When you see the inscription on the battery: “1.5 V”, then know that this is exactly the EMF. Is this value equal to the voltage created by the battery in the external circuit? It turns out not! Now we will understand why.

Electromagnetic induction (self-induction)

Let's start with electromagnetic induction. This phenomenon is described by Faraday's law of electromagnetic induction. The physical meaning of this phenomenon is the ability of an electromagnetic field to induce an emf in a nearby conductor. In this case, either the field must change, for example, in the magnitude and direction of the vectors, or move relative to the conductor, or the conductor must move relative to this field. In this case, a potential difference arises at the ends of the conductor.
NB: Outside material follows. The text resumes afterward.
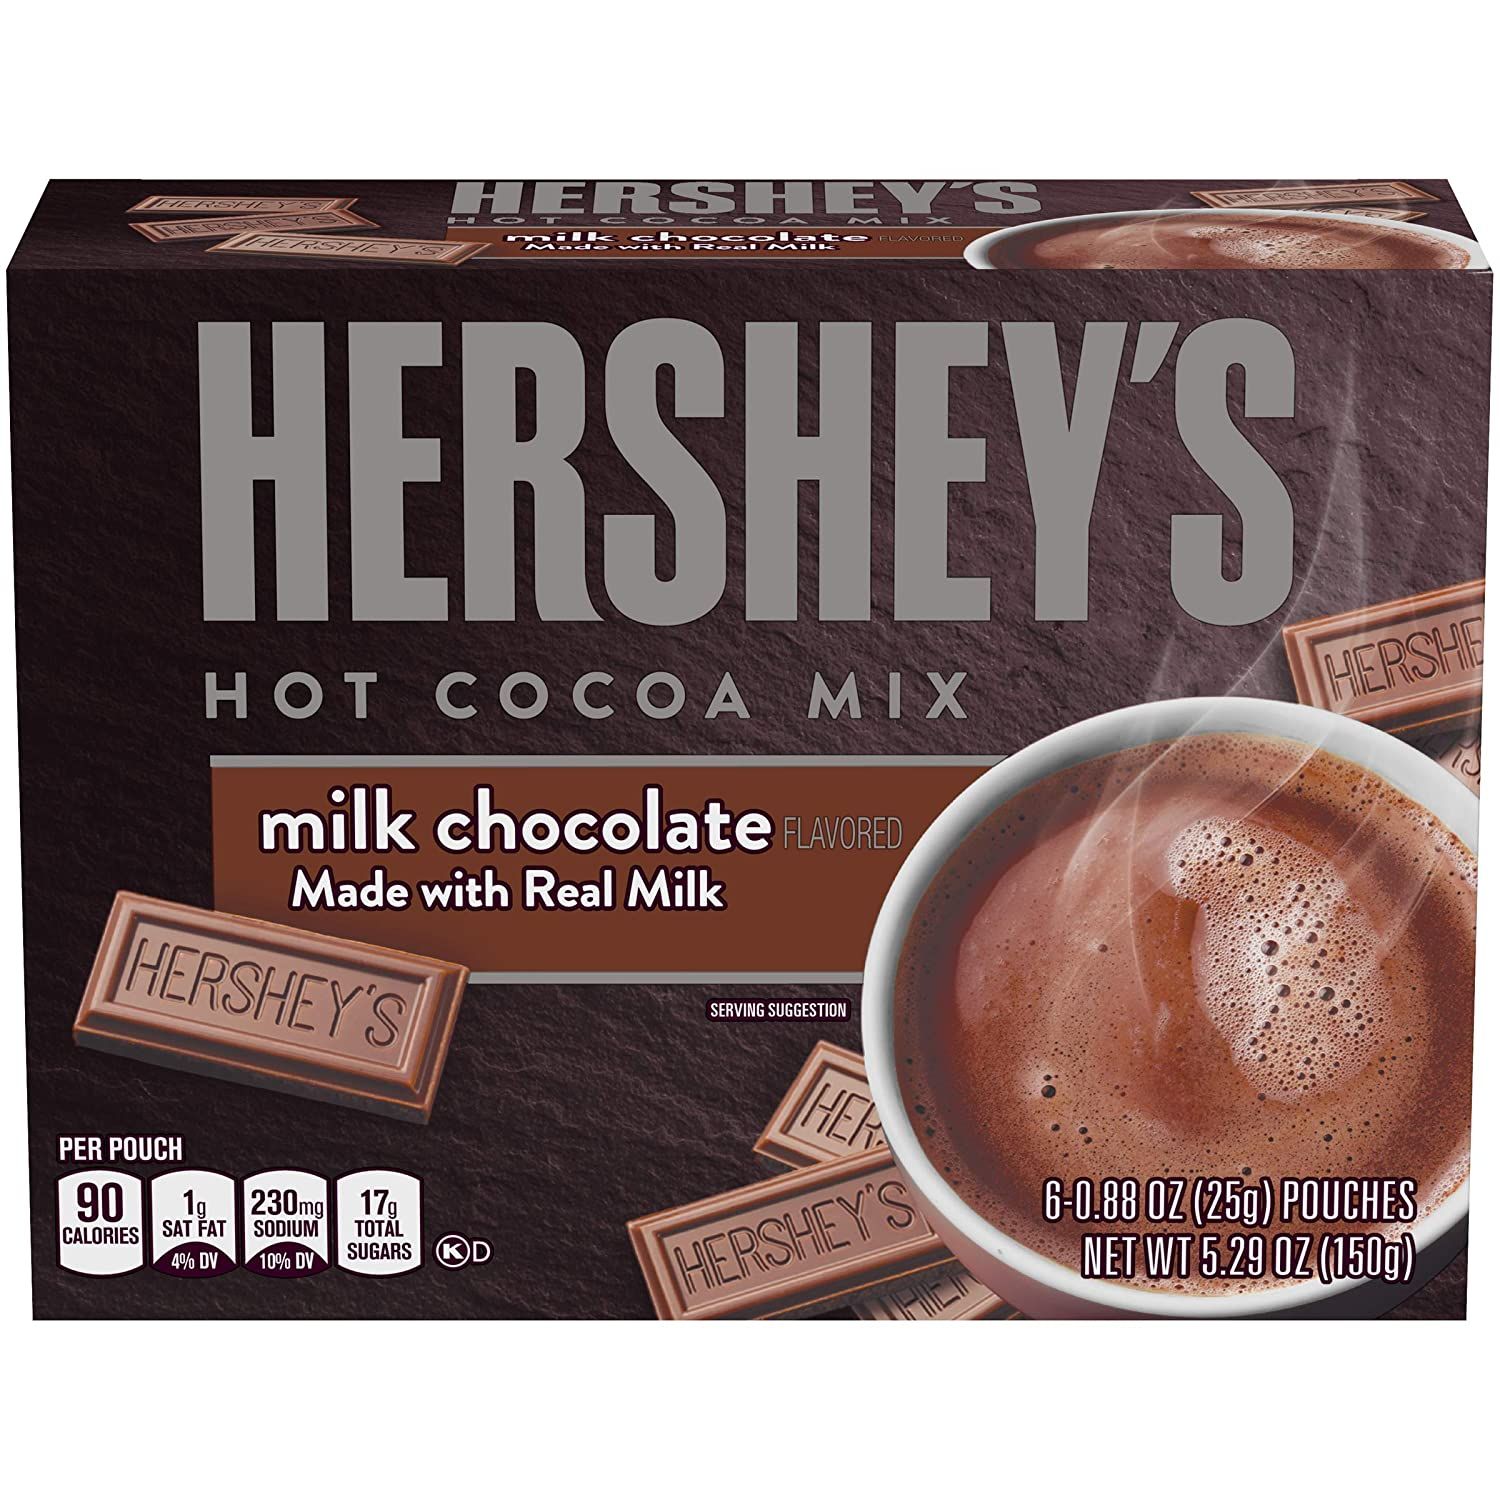 Hershey's Hot Chocolate Mix Image

There is another phenomenon that is similar in meaning - mutual induction. It lies in the fact that a change in the direction and current strength of one coil induces an EMF at the terminals of a nearby coil; it is widely used in various fields of technology, including electrical and electronics. It underlies the operation of transformers, where the magnetic flux of one winding induces current and voltage in the second.

In electrical engineering, a physical effect called EMF is used in the manufacture of special AC converters that provide the required values ​​of effective quantities (current and voltage). Thanks to the phenomena of induction and self-induction, engineers have been able to develop many electrical devices: from a conventional inductor (inductor) to a transformer.
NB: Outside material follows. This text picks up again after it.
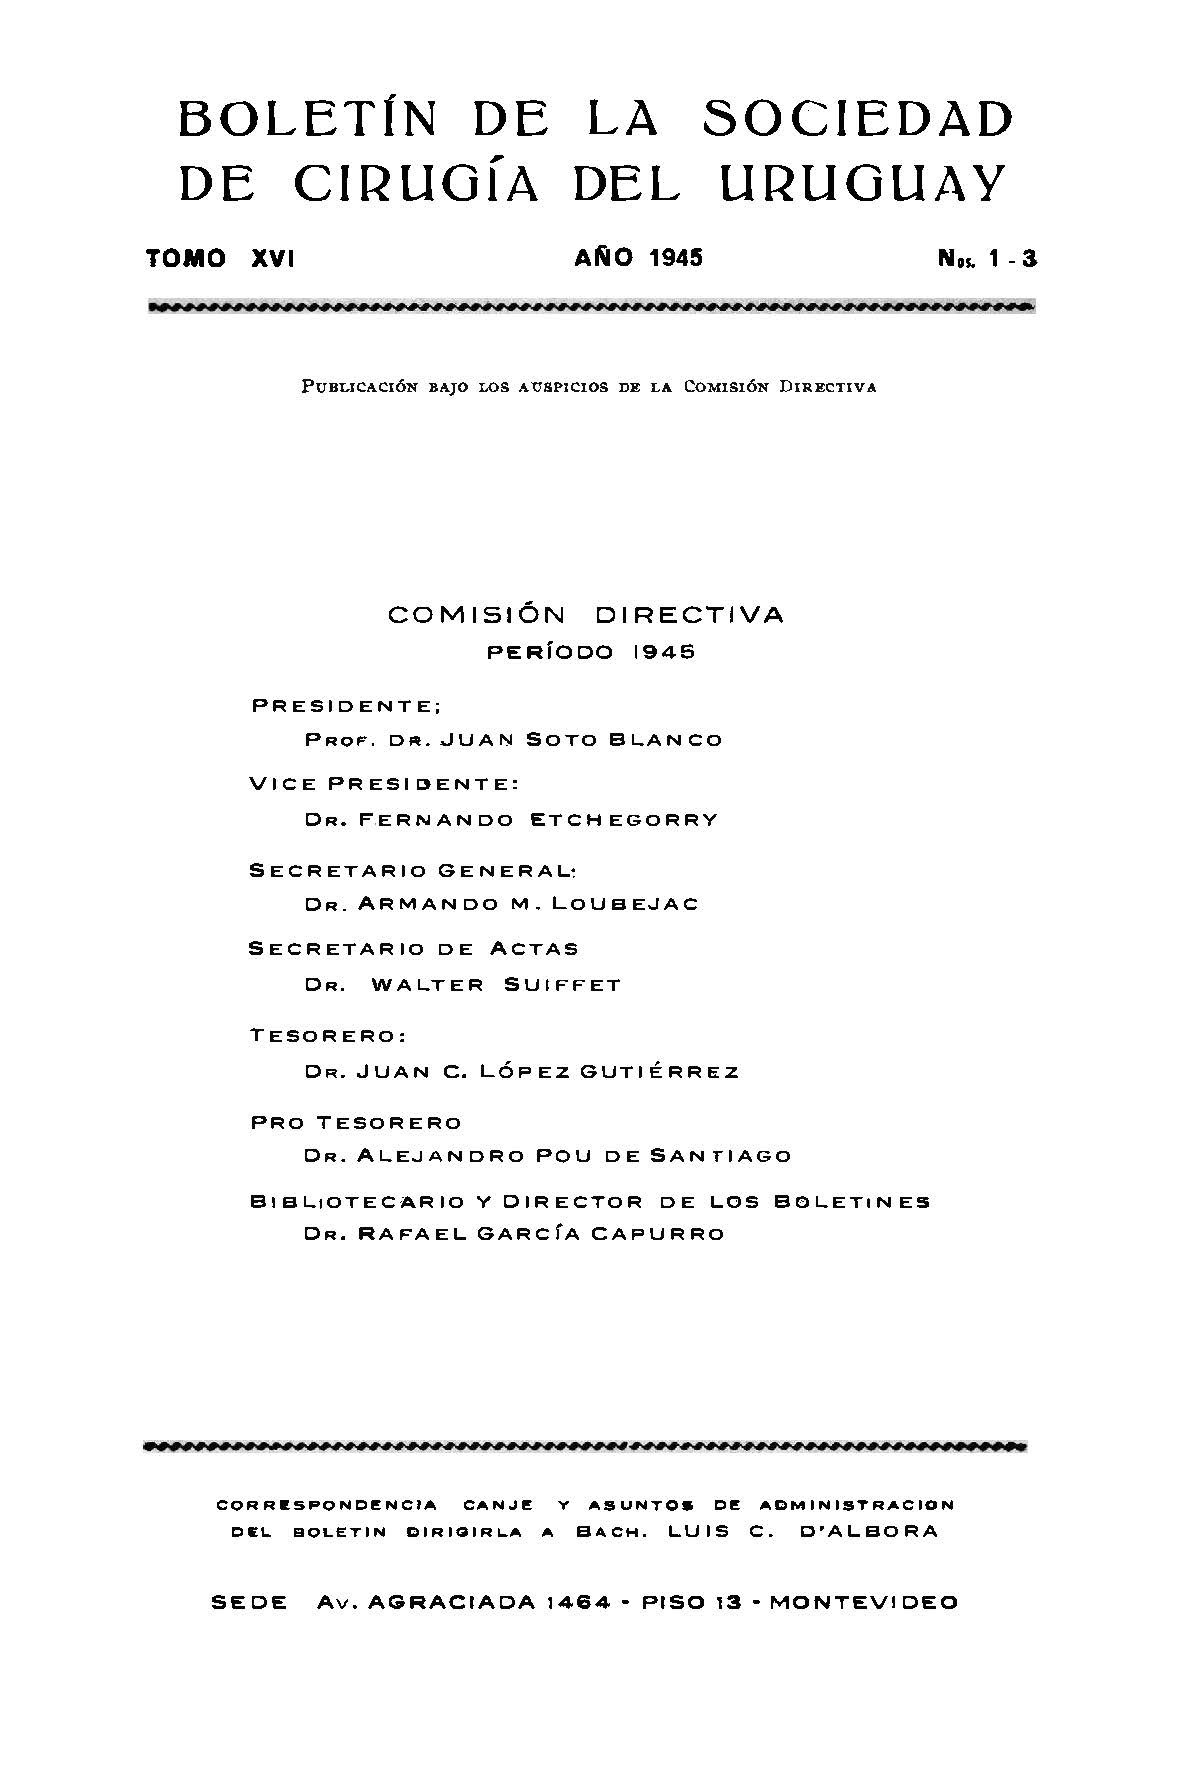 					Ver Vol. 16 Núm. 1-3 (1945): Boletín de la Sociedad de Cirugía del Uruguay

The concept of mutual induction refers only to alternating current, the flow of which in a circuit or conductor changes the magnetic flux.

An electric current of constant direction is characterized by other manifestations of this force, such as, for example, a potential difference at the poles of a galvanic cell, which we will discuss later.

Electric motors and generators

The same electromagnetic effect is observed in the design of an asynchronous or synchronous electric motor, the main element of which is inductive coils. His work is described in accessible language in many textbooks related to the subject called “Electrical Engineering”. To understand the essence of the processes taking place, it is enough to remember that the induced emf is induced when a conductor moves inside another field.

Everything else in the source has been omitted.